**DATA PROVIDED:**
===

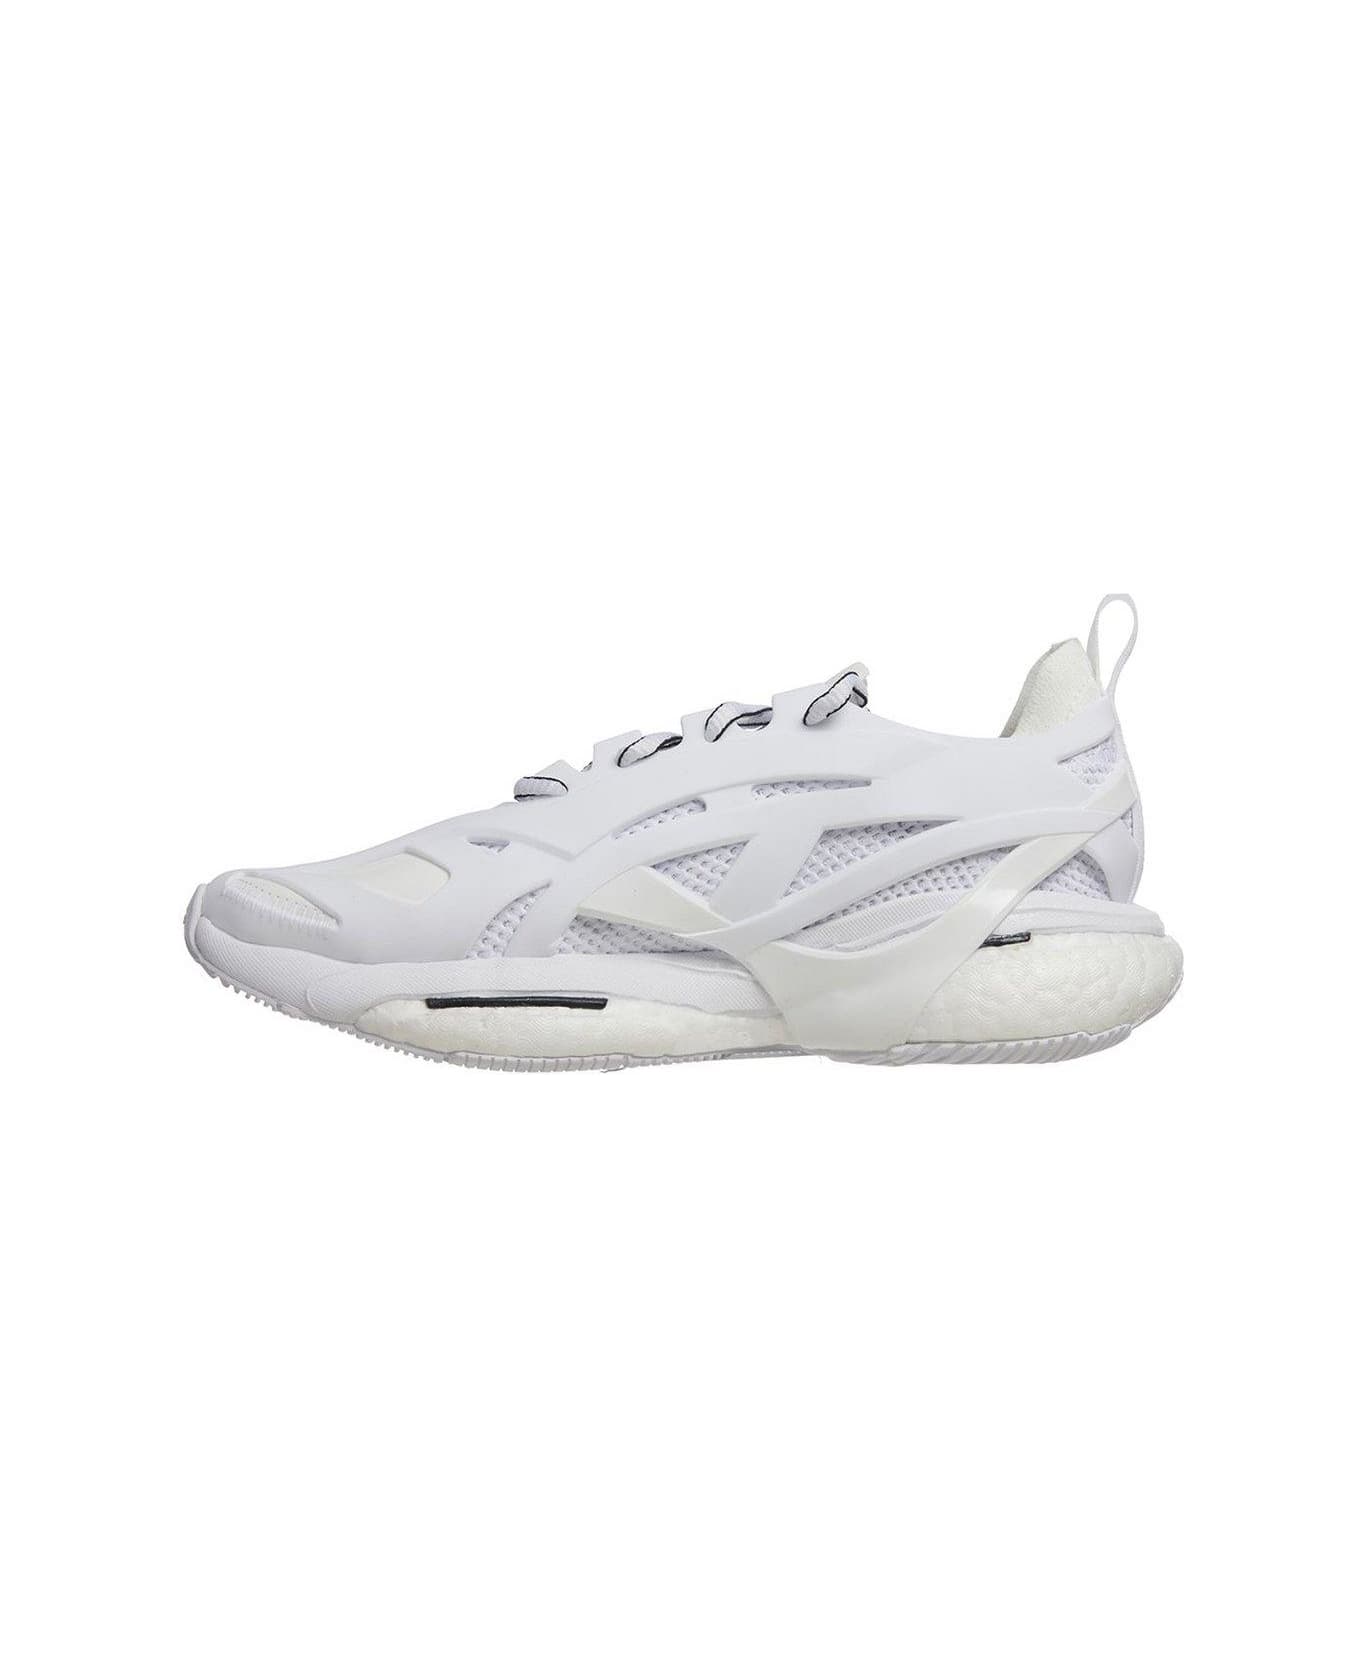 Adidas by Stella McCartney Solarglide Sneakers - WHITE スニーカー
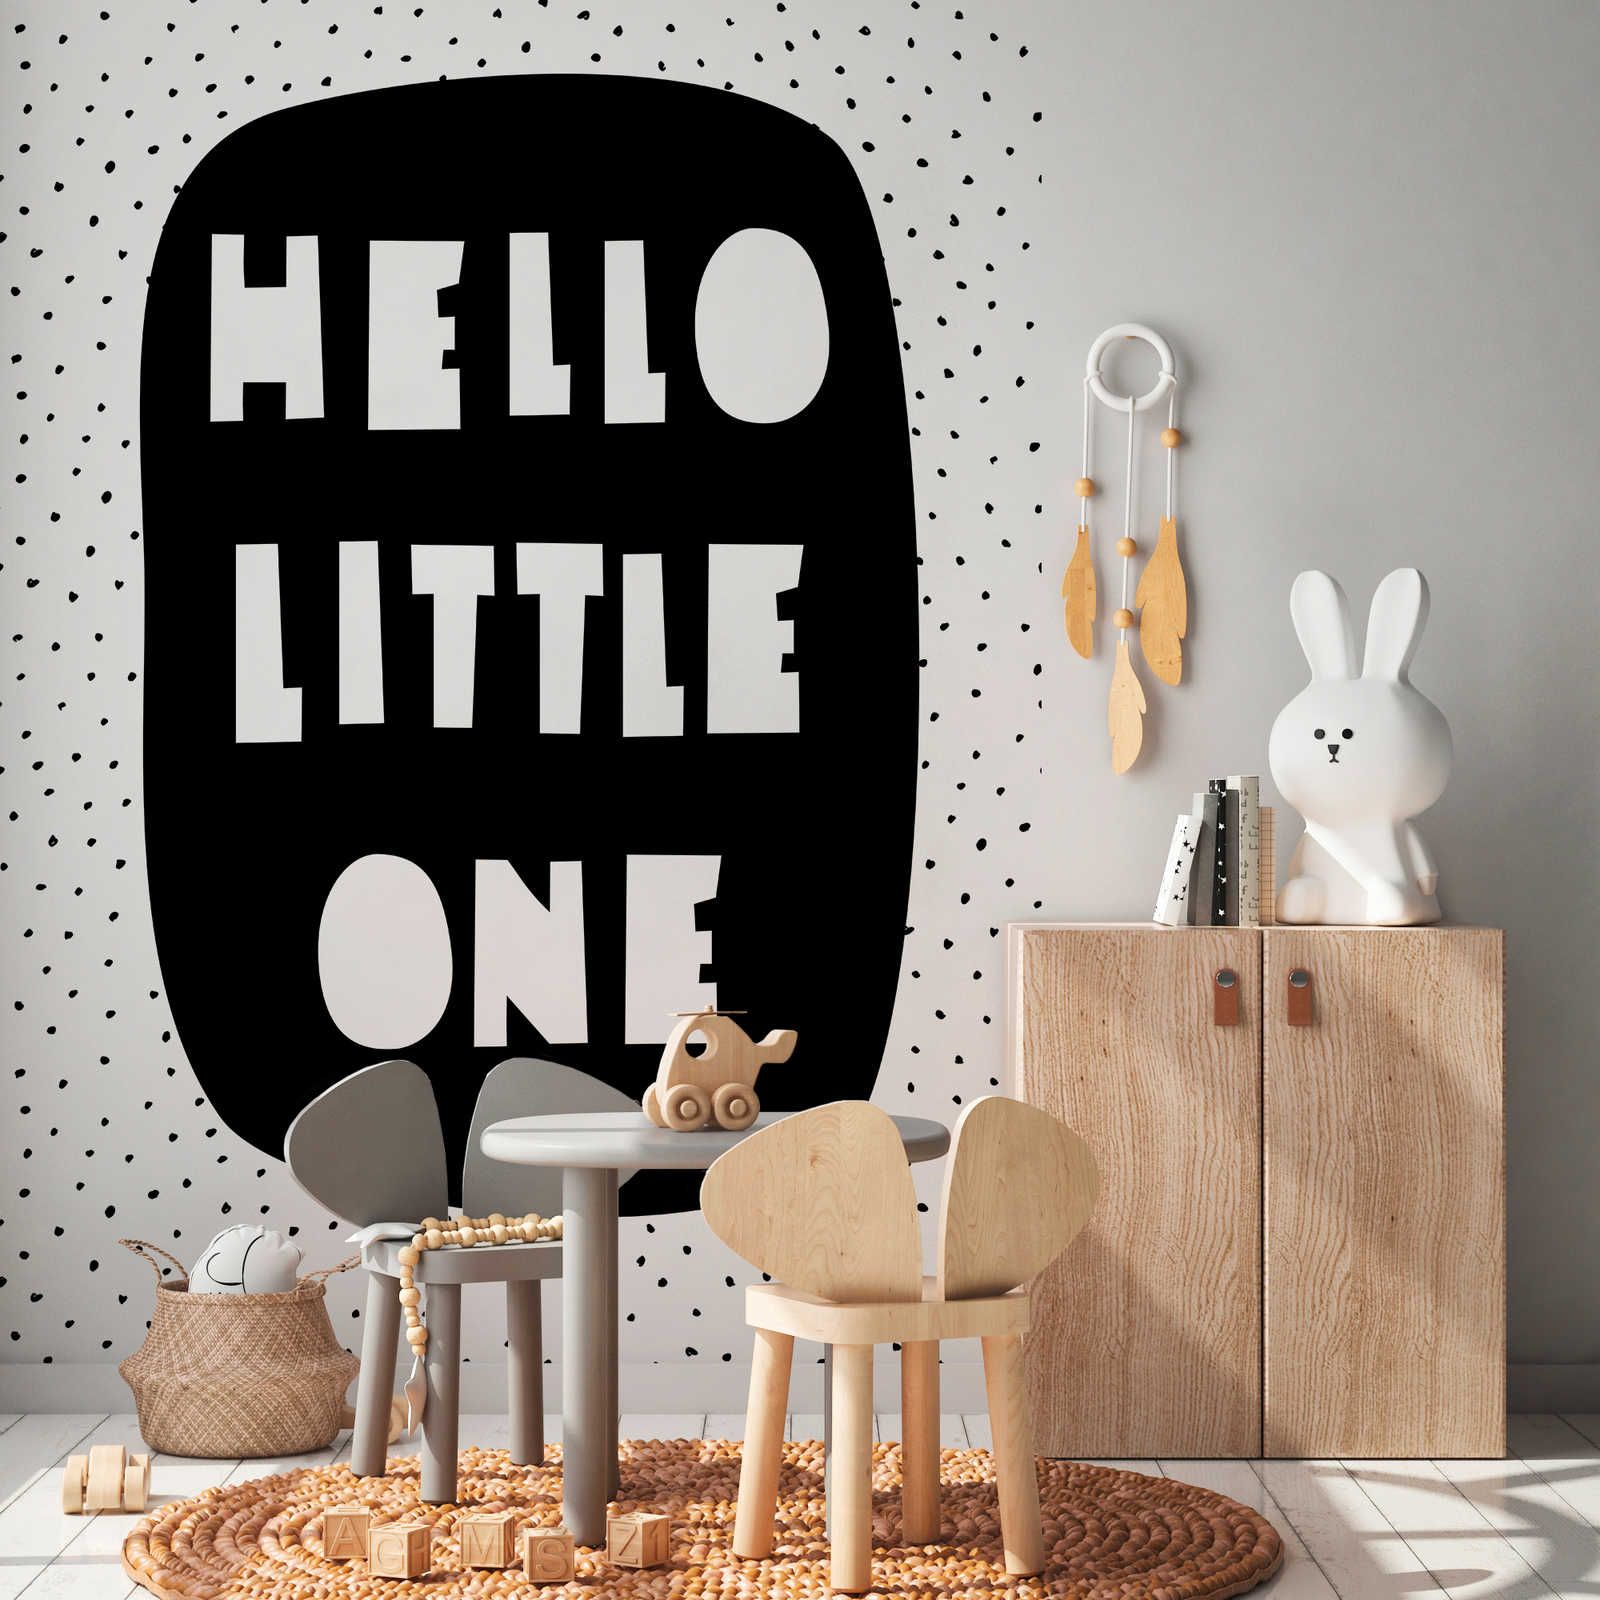 Photo wallpaper for children's room with lettering "Hello Little One" - Smooth & slightly shiny non-woven
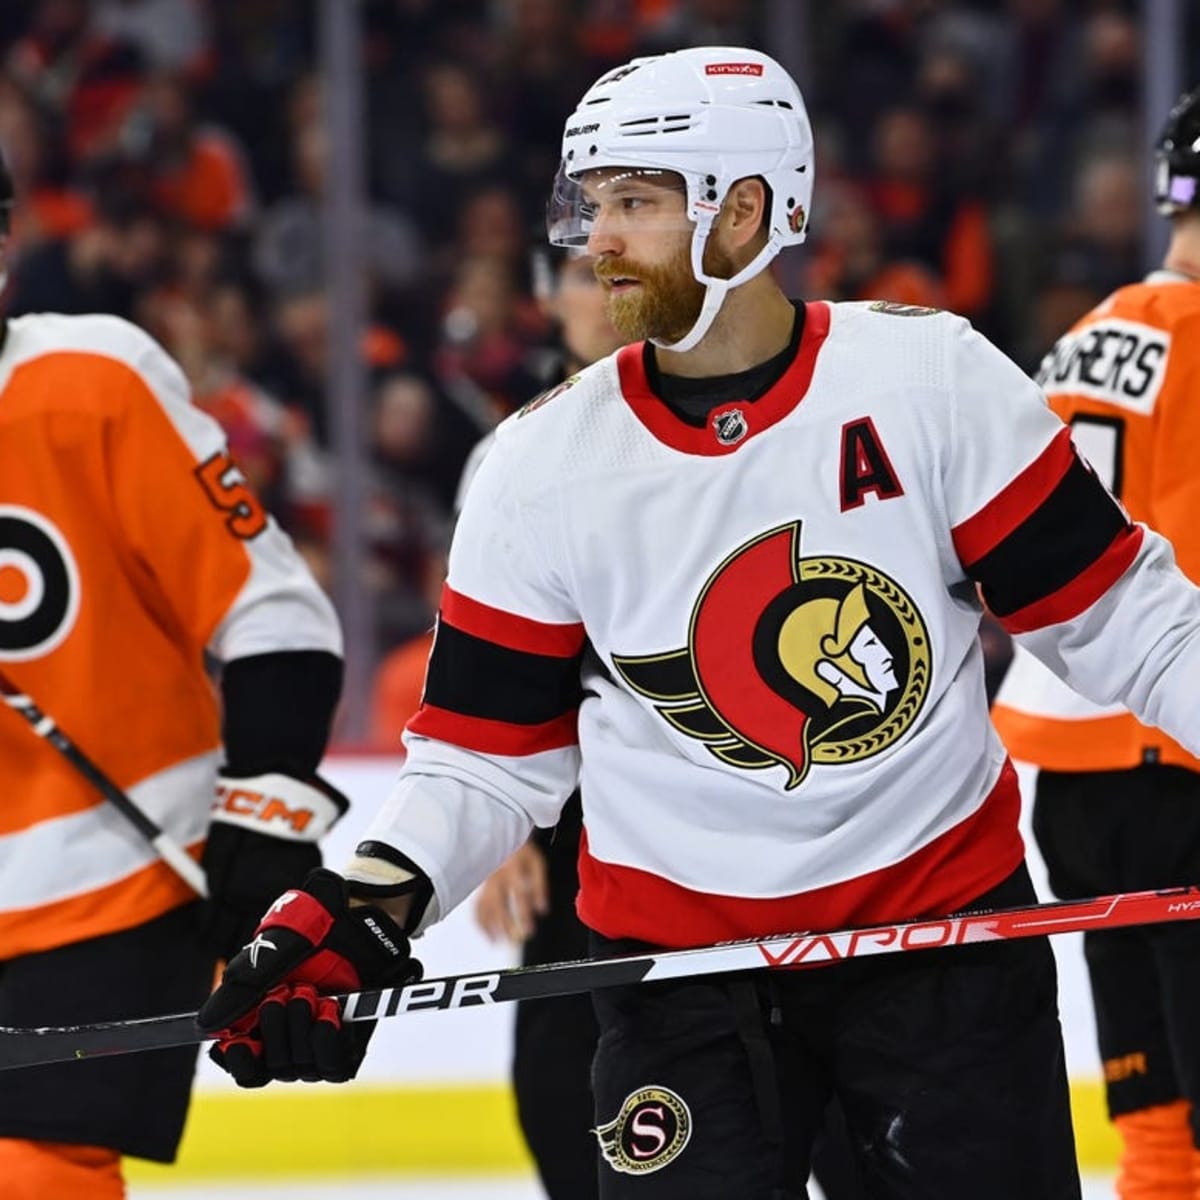 Watch Ottawa Senators vs Pittsburgh Penguins Stream NHL live - How to Watch and Stream Major League and College Sports
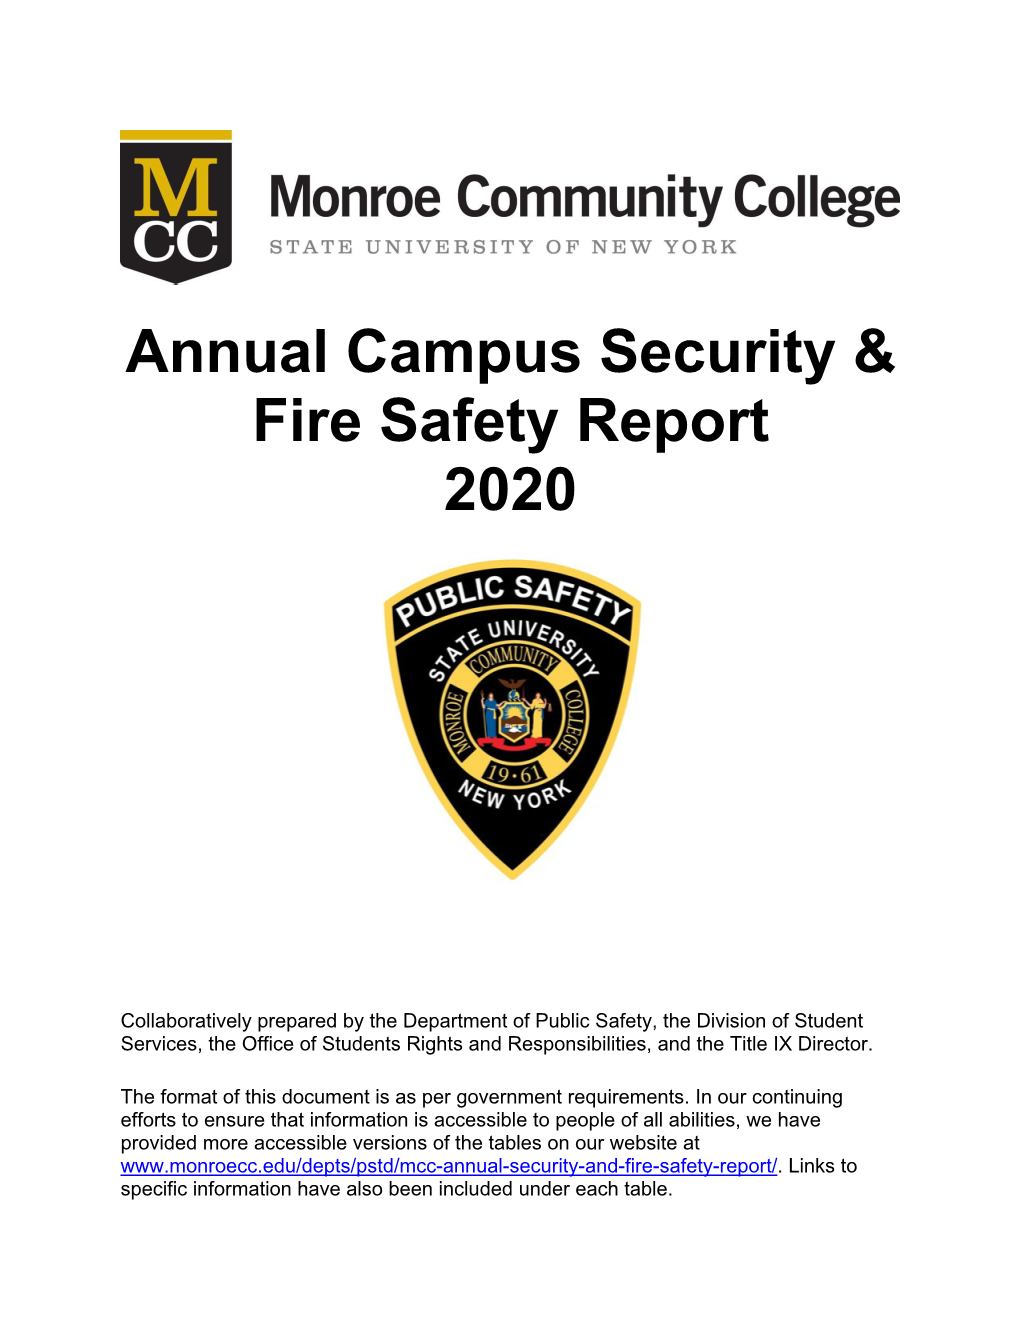 Annual Campus Security & Fire Safety Report 2020

===

**TASK REQUIREMENTS:** Copy out every line above, word for word, minus images.

**RESPONSE:**
 Adidas by Stella McCartney Solarglide Sneakers - WHITE スニーカー
 Photo wallpaper for children's room with lettering "Hello Little One" - Smooth & slightly shiny non-woven
 Watch Ottawa Senators vs Pittsburgh Penguins Stream NHL live - How to Watch and Stream Major League and College Sports
 Annual Campus Security & Fire Safety Report 2020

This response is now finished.